Some time later the king entered the orchard and asked, “Where are the fine first fruits?”  The blind man answered him, “My lord the king, do you not realize that I cannot see?”  The lame man answered him, “My lord the king, do you not realize that I cannot walk?”   The king, being a wise man, what did he do?  He placed the lame man on the back of the blind man … and said to them:  Thus you did, and then you ate the first fruits.

Similarly, the Holy One, blessed be He, says to the soul:  Why did you sin to Me?   The soul answers:   Lord of the Universe, I did not sin; it was the body that sinned, for since the moment that I departed from it like a pure bird flying away in the breeze, how have I sinned to You?   Then He says to the body:   Why did you sin to Me?   The body answers, Lord of the Universe, I did not sin; it was the soul that sinned, for since the moment that it left me I have been like a stone cast upon the earth, and as such how could I sin to You?  What does the Holy One, blessed be He, do to them?  He brings the soul and casts it into the body and judges the two of them as one, as it is said, “He summoned the heavens above, etc.” (Ps. 50:4) – He summoned the heavens above to bring the soul and the earth to bring the body to be judged with it.
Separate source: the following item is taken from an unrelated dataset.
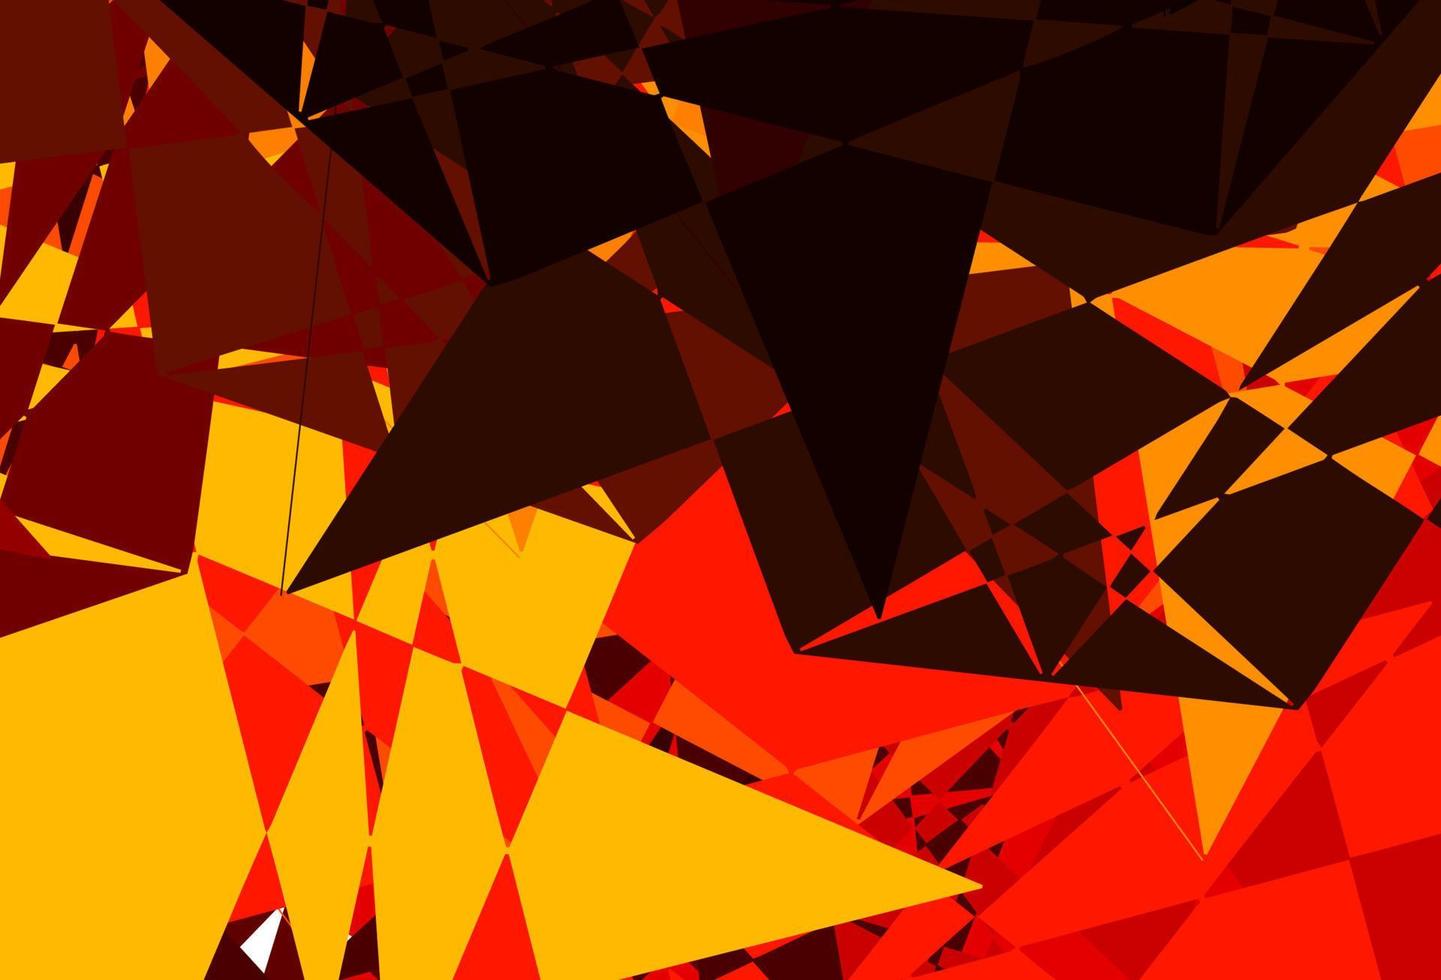 sfondo vettoriale arancione scuro con forme poligonali.
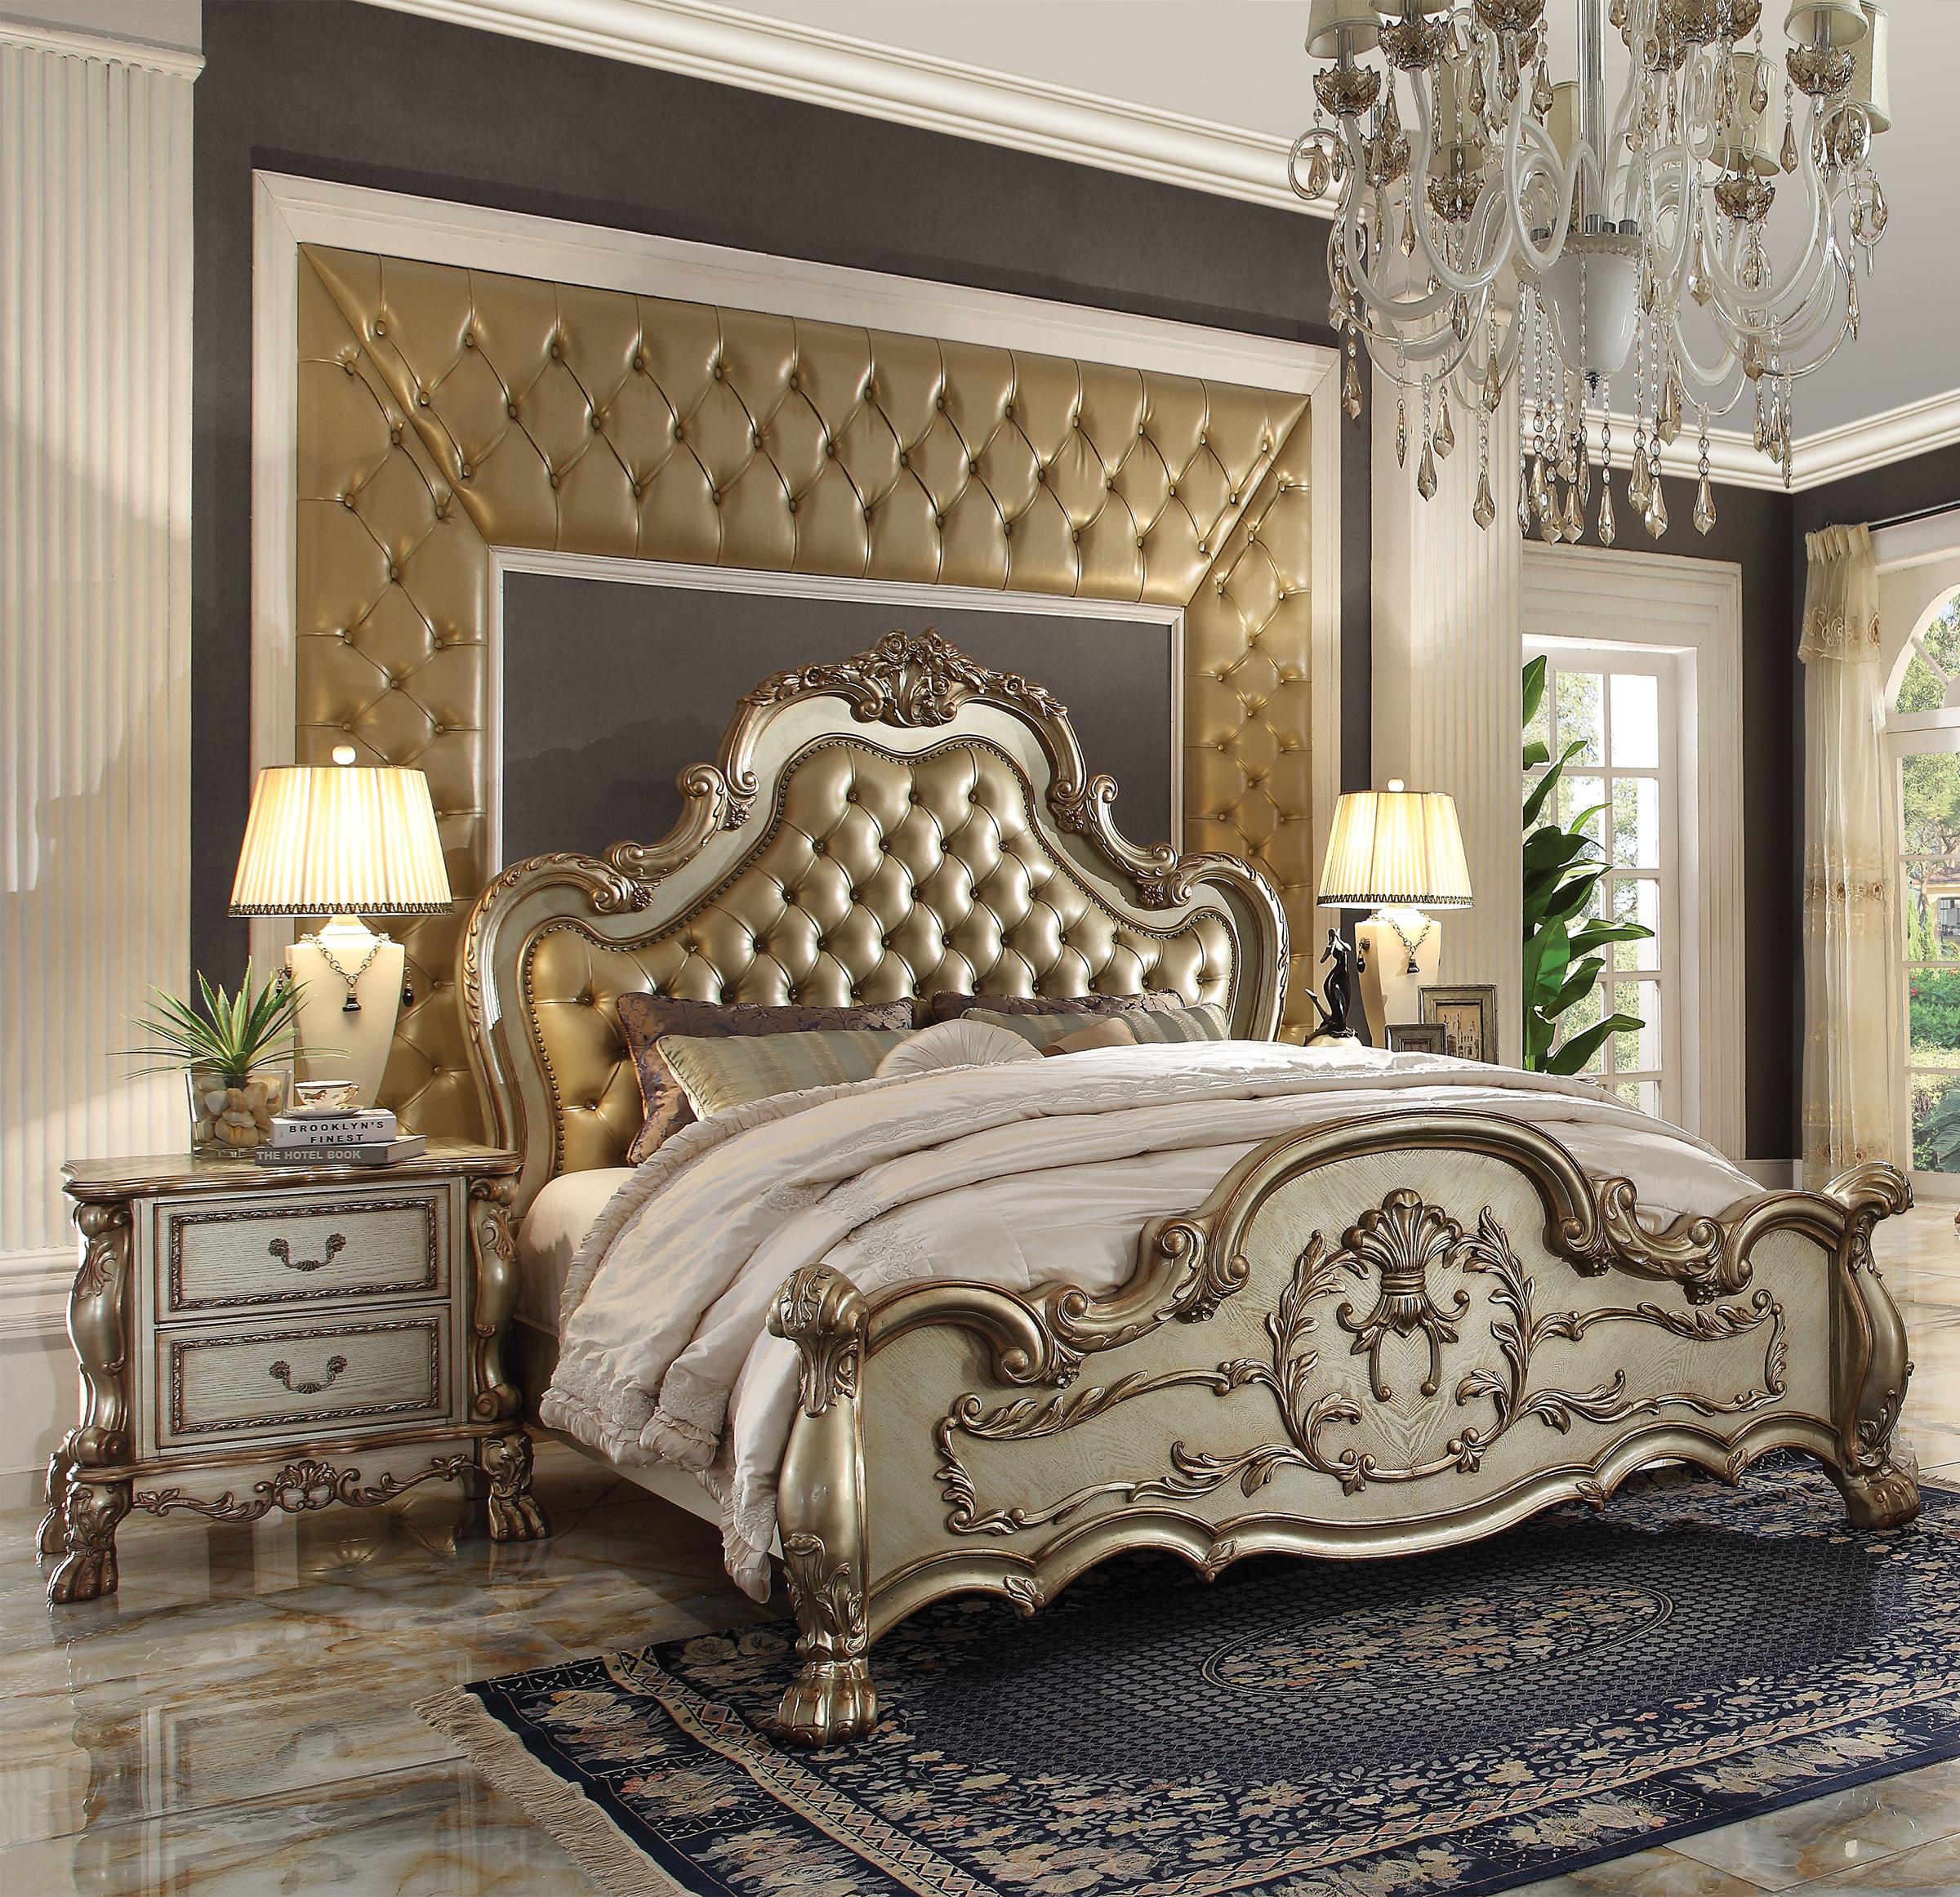 

    
Tufted Gold Patina Queen Bedroom Set 4Pcs Dresden 23160Q Acme Victorian Classic

It is clear what this parable refers to:  the blind man is the body and the lame man, the soul; and they cannot survive one without the other.  But why does the parable specifically use the imagery of a blind man (sumah) and a lame man (higger)?

Rashi, in his commentary on Sanhedrin 106b (s.v. haggira, with reference to Balaam the lame) notes that haggira is an Aramaic translation of pise’ah = lame.   Likewise Zohar Hadash, vol. 2 (Megillot) Megillat Ruth 39b presents the same parable, using the Hebrew words pise’ah and sumah, instead of higger and someh, for the lame and the blind:

“He feels only the pain of his flesh, and his spirit mourns in him” (Job 14:22), for they participated together.  What is this like?  Like a king who appointed two guards to watch his garden, one of them lame (Heb. pise’ah), the other blind (Heb. sumah)…  The lame man rode upon the blind man…

This suggests to me that the basis of the parable of the blind and the lame may have come from Greek, in which σόμα (soma) means “body”, which resembles Hebrew suma “blind,”  and ψύχη (psycho), phonetically resembling the Hebrew word pise’ah, one who is lame, means “soul.”  A psychosomatic illness, as we know, has both mental and physical aspects.   In an argument between body and soul, therefore, it is fully understandable that the Sages, who knew some Greek, would have deliberately chosen the metaphor of a blind person (sumah) and a lame person (pise’ah).  In time, the Greek context of this parable was forgotten, the word pise’ah was replaced by higger, and thus the play on words which provided the basis for this homily was lost.